Other San Francisco Opera events coming up are:
San Francisco Opera is at Stern Grove Music Festival Sunday, July 4, 2 PM, www.sfopera.org, at Sharon Meadows, Sunday, Sept. 12, 1:30 PM www.sfopera.com/park, and Aida Simulcast at AT&T Park www.sfopera.com/simulcast

Sunday, June 27, 2010

Cracking the Codes: A 21st Century Conversation About Race

This weekend was as full as usual. I found myself juggling events, trading one for another and disappointed that I could not be in three places at once. I found out this afternoon that Luisa Tuish hosted a ritual at the beach Saturday morning to send prayers and light to the gulf region where lives are being lost and lives are forever changed as the oil continues to spill into the sea.

I'd planned to get by the Wise Women event that afternoon to see Nikki Giovanni, who has a new collection describing how much she loves her bicycle, but my younger daughter had a horrific car accident early that same morning and the day was spent having the car towed, calling insurers, and visiting the hospital.

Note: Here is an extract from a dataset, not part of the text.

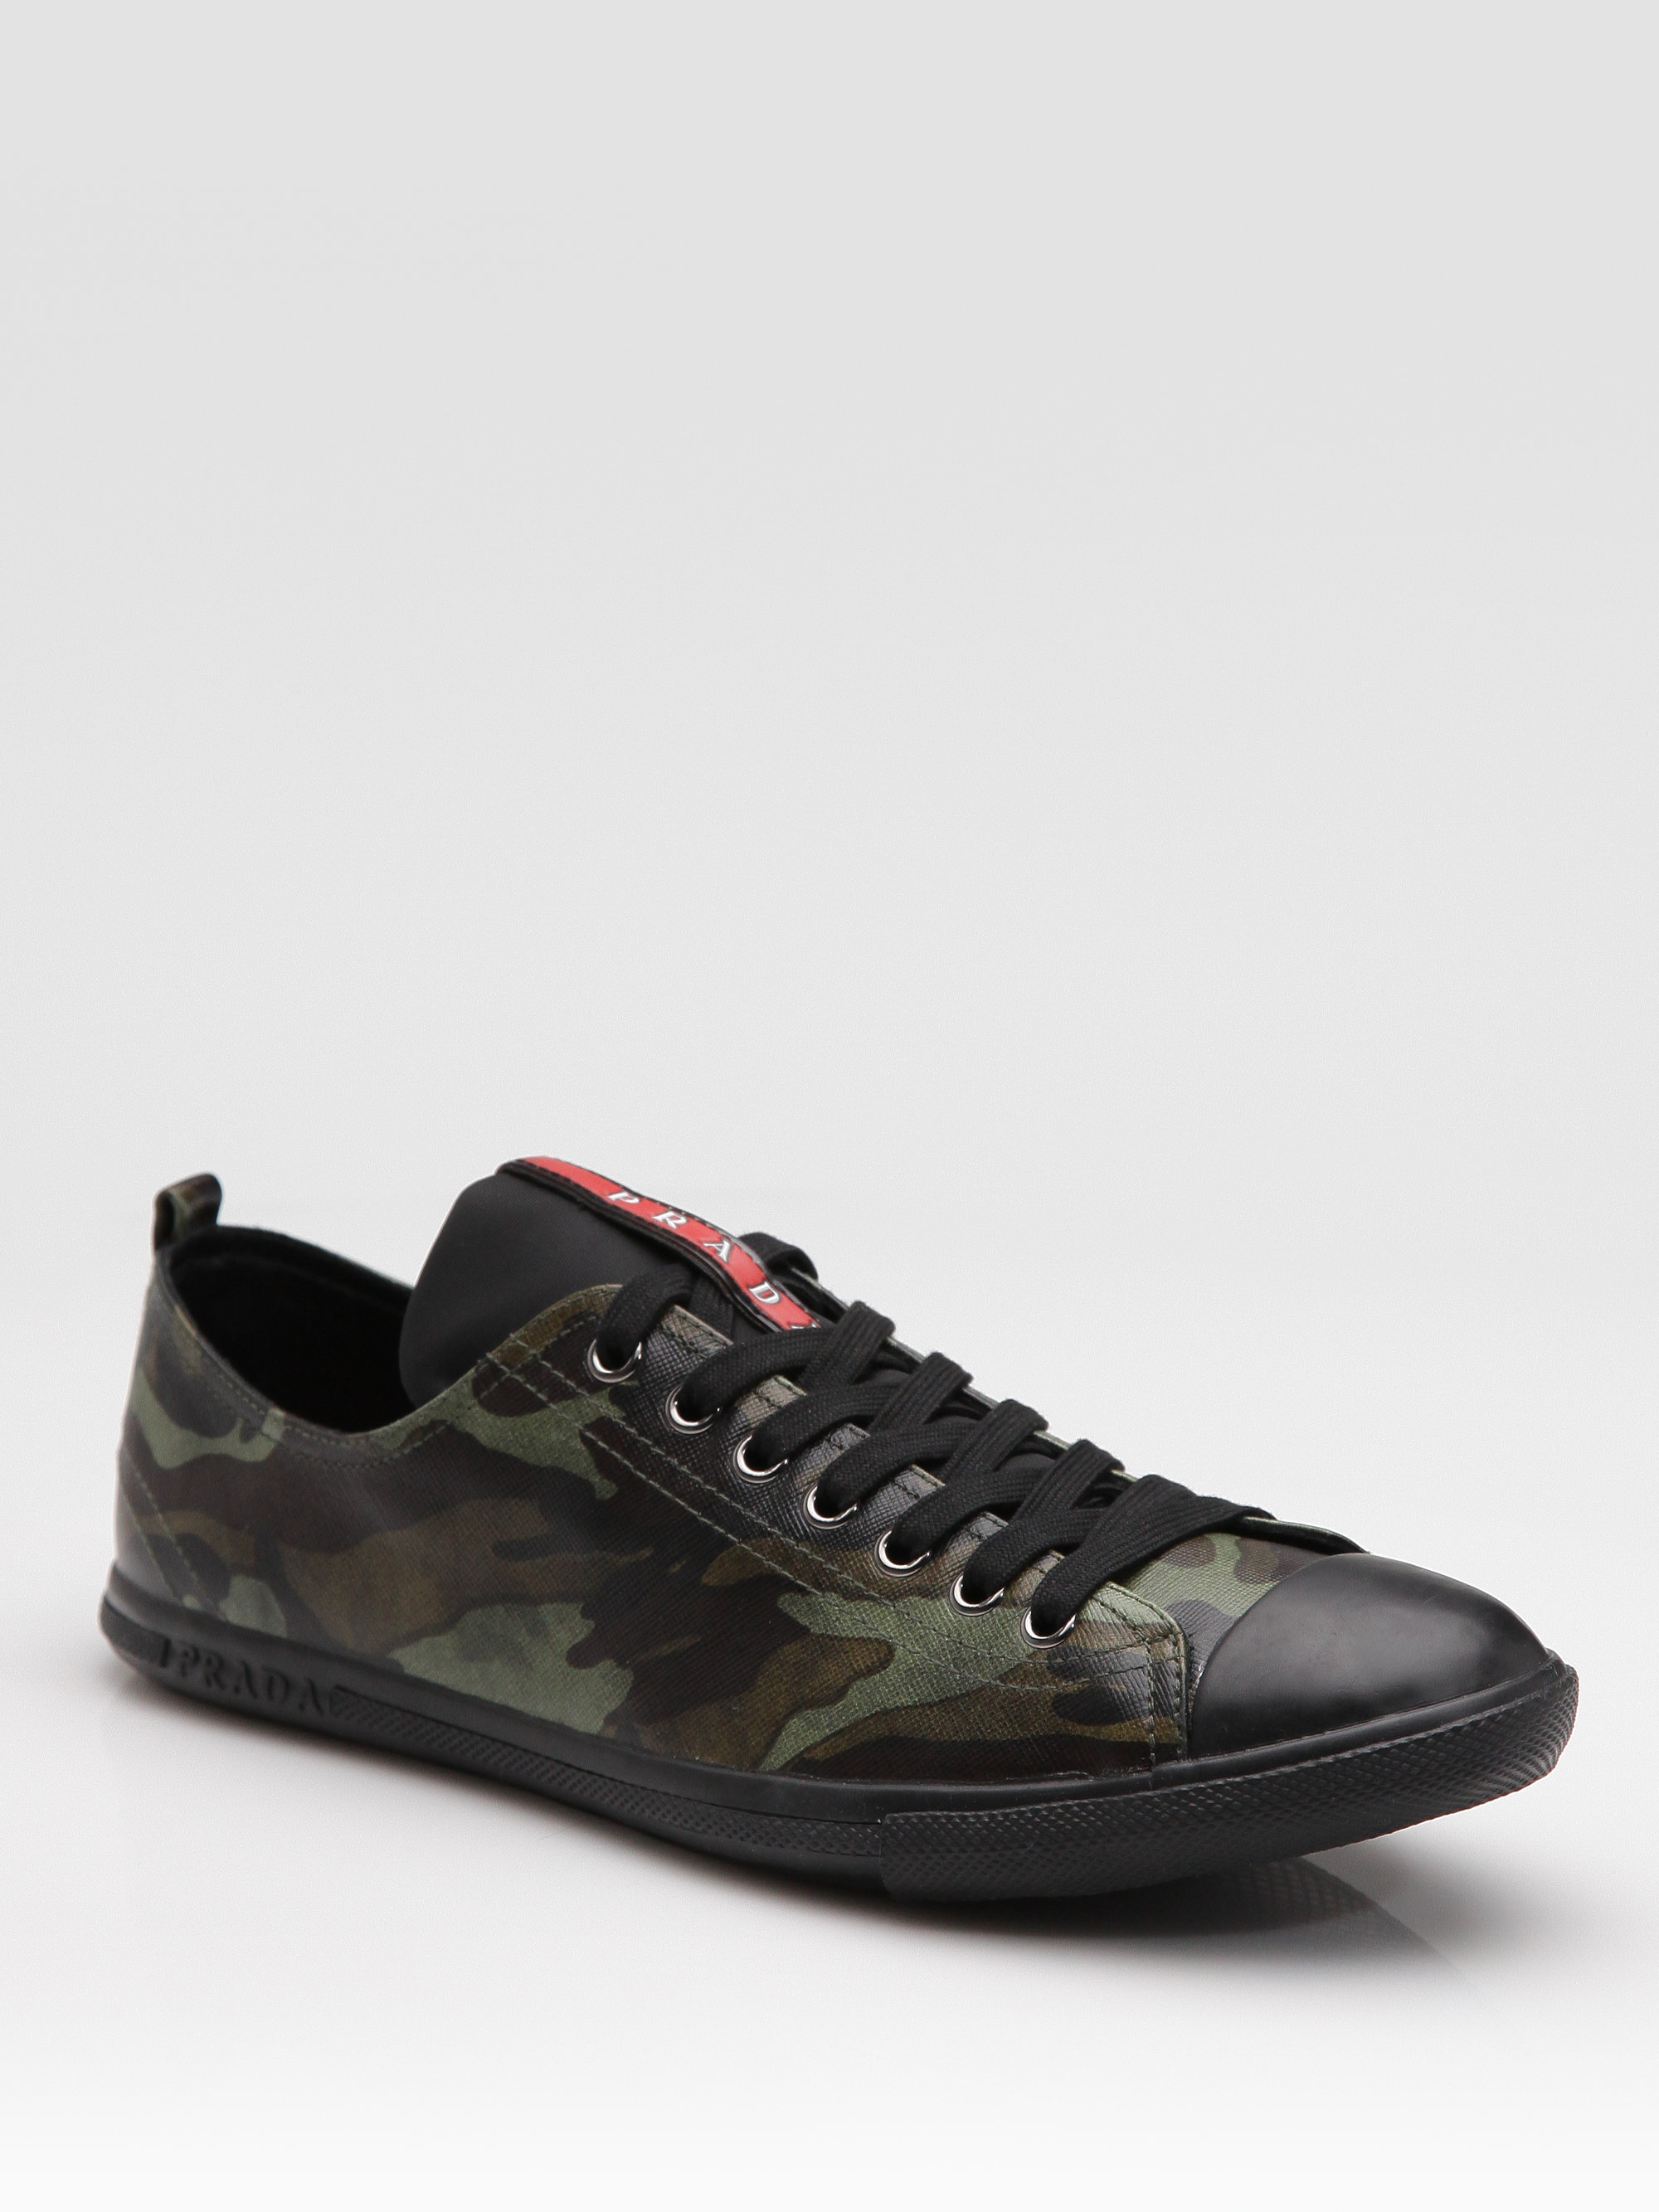 Prada Camouflage Sneakers in Green for Men - Lyst
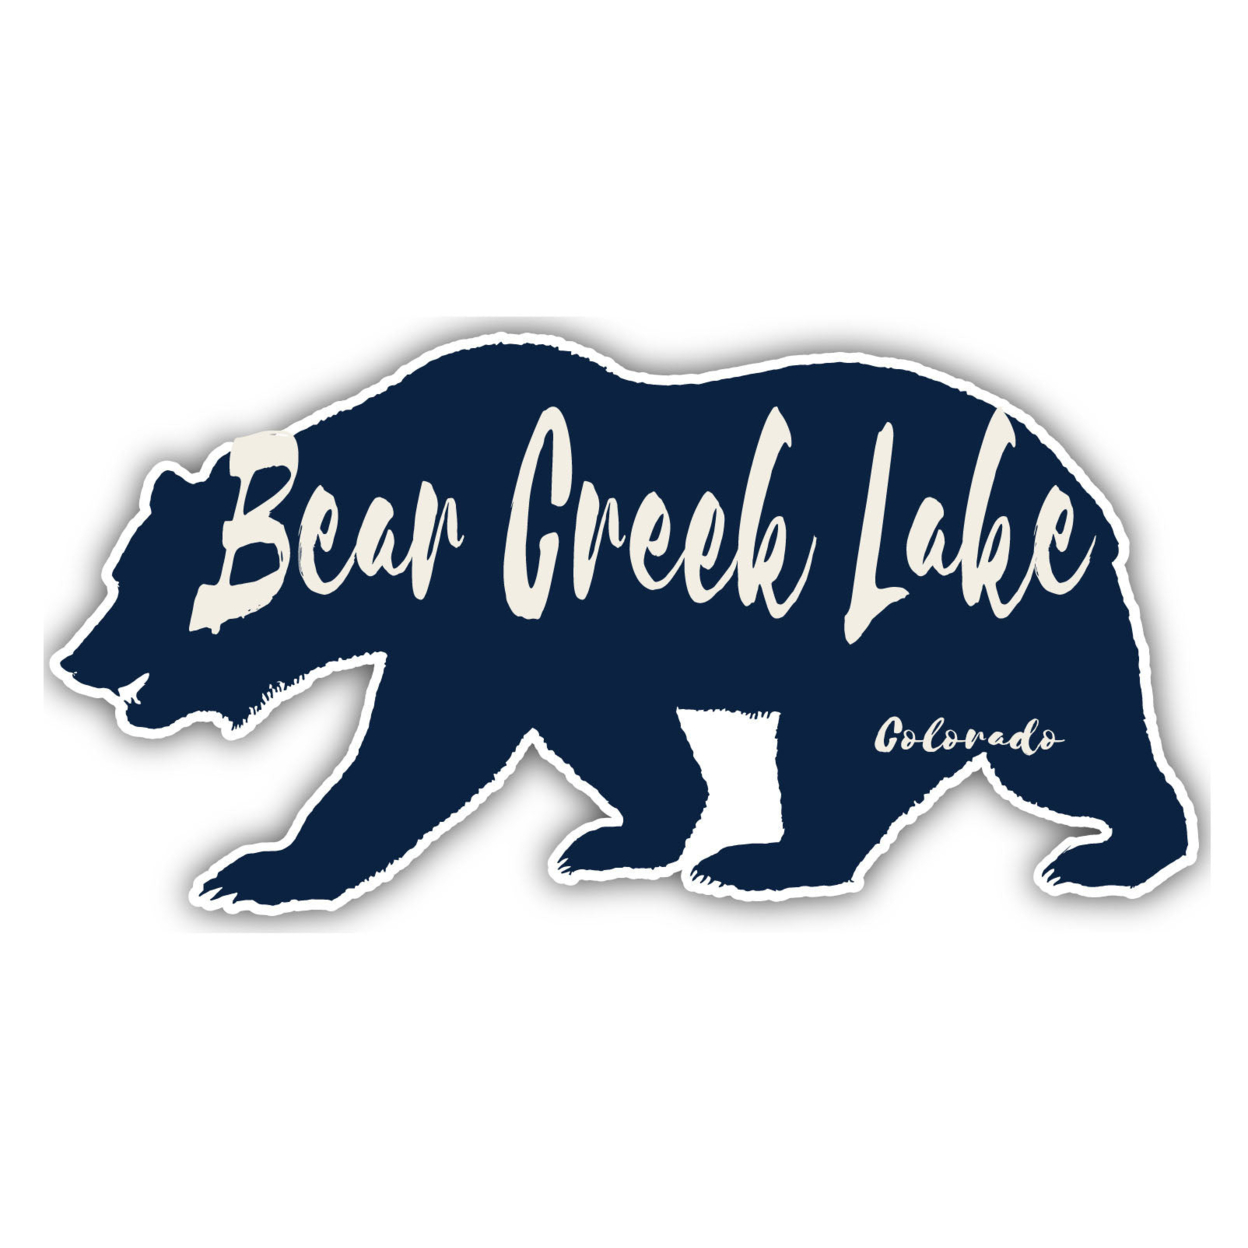 Bear Creek Lake Colorado Souvenir Decorative Stickers (Choose Theme And Size) - 4-Pack, 4-Inch, Bear

She walked away from an accident which could have been deadly. I went to opening night of the final weekend of the Ethnic Dance Festival. It was marvelous, with companies representing Afgahnistan--a company I really enjoyed, the live music and lovely costumes, the women in long colorful scarves and dresses which they twirled as they turned.

Another company with lovely costumes and choreography performed dance from Boliva--the men wore feathered head dresses which rotated like wheels and the women had on white flowered head dresses. When they leaned forward so that their faces disappeared it looked like a field of flowers. Other head ornaments were hats which looked like flower pots...these festive costumes and the lively music just enhanced a marvelous performance.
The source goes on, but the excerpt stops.